8 thoughts on “Drug Trial FOMO

  1. Josie says:

    I came across your blog and i couldnt stop reading. I take care of my husbands grandmother who has ALS. Your hope is contagious. Your bravery is beautiful. Literally. You are beautiful. As long as you write, i will continue to read. Thank you so much. I needed this. Love, from Michigan.


    • howilivewithals says:

      Thanks so much for the kind words! Let me know if you ever have any questions or topics you want me to address. I hope you know that the work you do as a caregiver is the most beautiful expression of selfless love.


  2. moxiemann says:

    Wow…Thank you, Rachel. I am going to print, and frame these, and hang them up. I run a B&B, so hundreds of people will see them. This is a great thing, honest, clean, brave.


  3. Cynthia Dixon says:

    Hello… you give me hope… it comes and goes. Your article has helped me today. Do you mind sharing the treatment you thought would be a cure in April? Have you researched Brainstorm – stem cell theraphy? Im following them and they seem to be making great strides.

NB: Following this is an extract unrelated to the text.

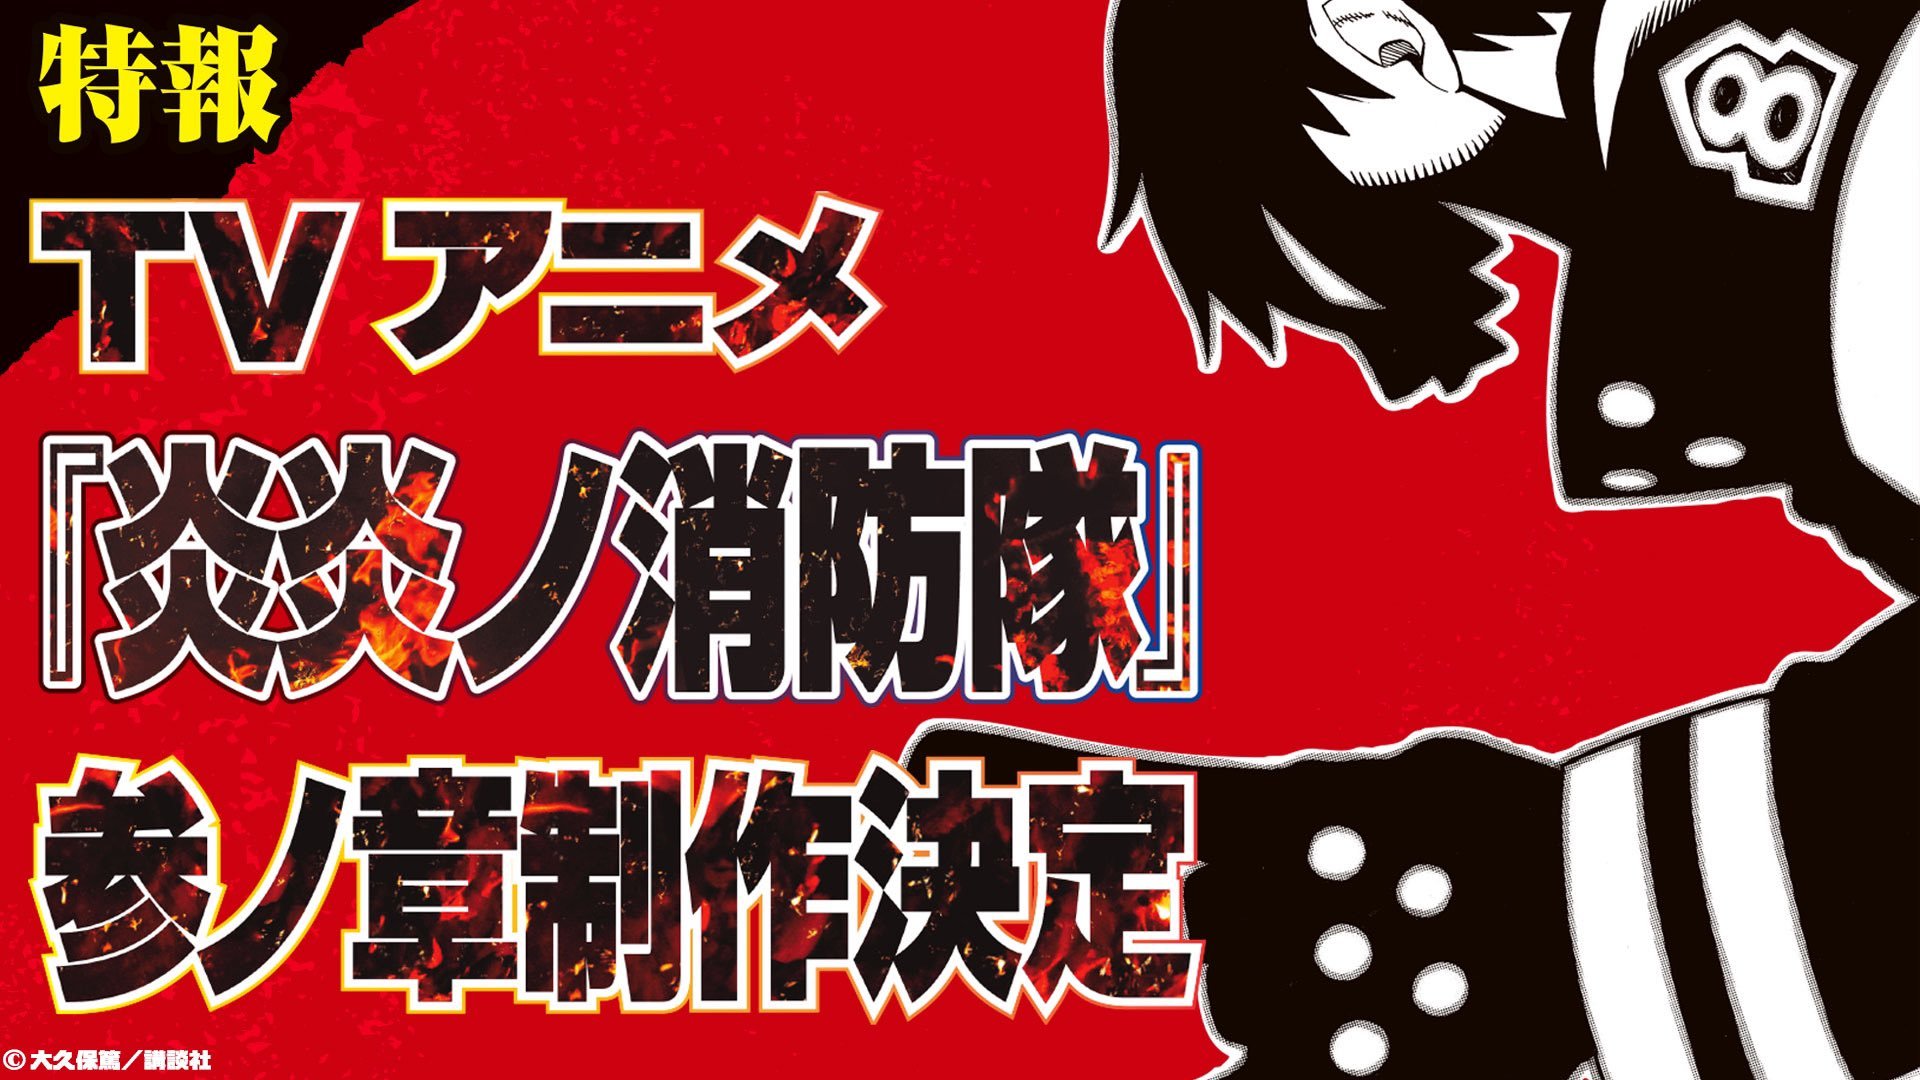 ShortieSenpai (6.3 spoilers) on X: Just started Fire Force ✌️ #fireforce # anime #fanart #art #joker  / X

    • howilivewithals says:

      Hearing that I gave you hope has my heart lit up like a Christmas tree! Hope can be hard to hold onto, but I don’t think we can stay sane without it. I had my eye on NP001, but I haven’t heard anything about it in a while, so I am not sure how human testing is going. I’m no longer eligible for trial participation it ends up. I have heard that the stem cell therapy you mentioned is producing phenomenal results. I don’t think the cure is a question of “if” anymore, but rather “when” 🙂


      • Cynthia Dixon says:

        Oh you have made my day!!!! NP001 is also something I have really been interested in and I am going to duke university and seeing the top neurologist and he has mentioned in NP001 as well I stem cell. You make me feel like I can’t type fast enough! I too totally believe it is not a question of ‘if’ but ‘when’ a cure is coming. And Dr. Bedlack at Duke tells me he’s never been so excited. It’s so hard to not fall into the dark pit of being afraid. I yo-yo back-and-forth between that and keep telling myself to believe and keep my faith in God. I still feel like I’m going to this for reason to help others. To show them to not give up. This has been especially hard for me because I’m a fitness instructor !! I have been so active all my life and I love always having a lot on my plate to do. I did all of our landscaping even owning my own tractor and now my legs will not hold me up. But I’m determined and I can’t tell you how wonderful it is to speak with someone like you. Thank you thank you thank you !! I hope we can continue to encourage each other . I have to admit when I got the first email and went to confirm my address it wanted me to join some organization which I’m sure is OK. But I was just hesitant to put my name out there yet on another website that will send me emails . So to receive your email has just been thrilling that you contacted me anyway !!!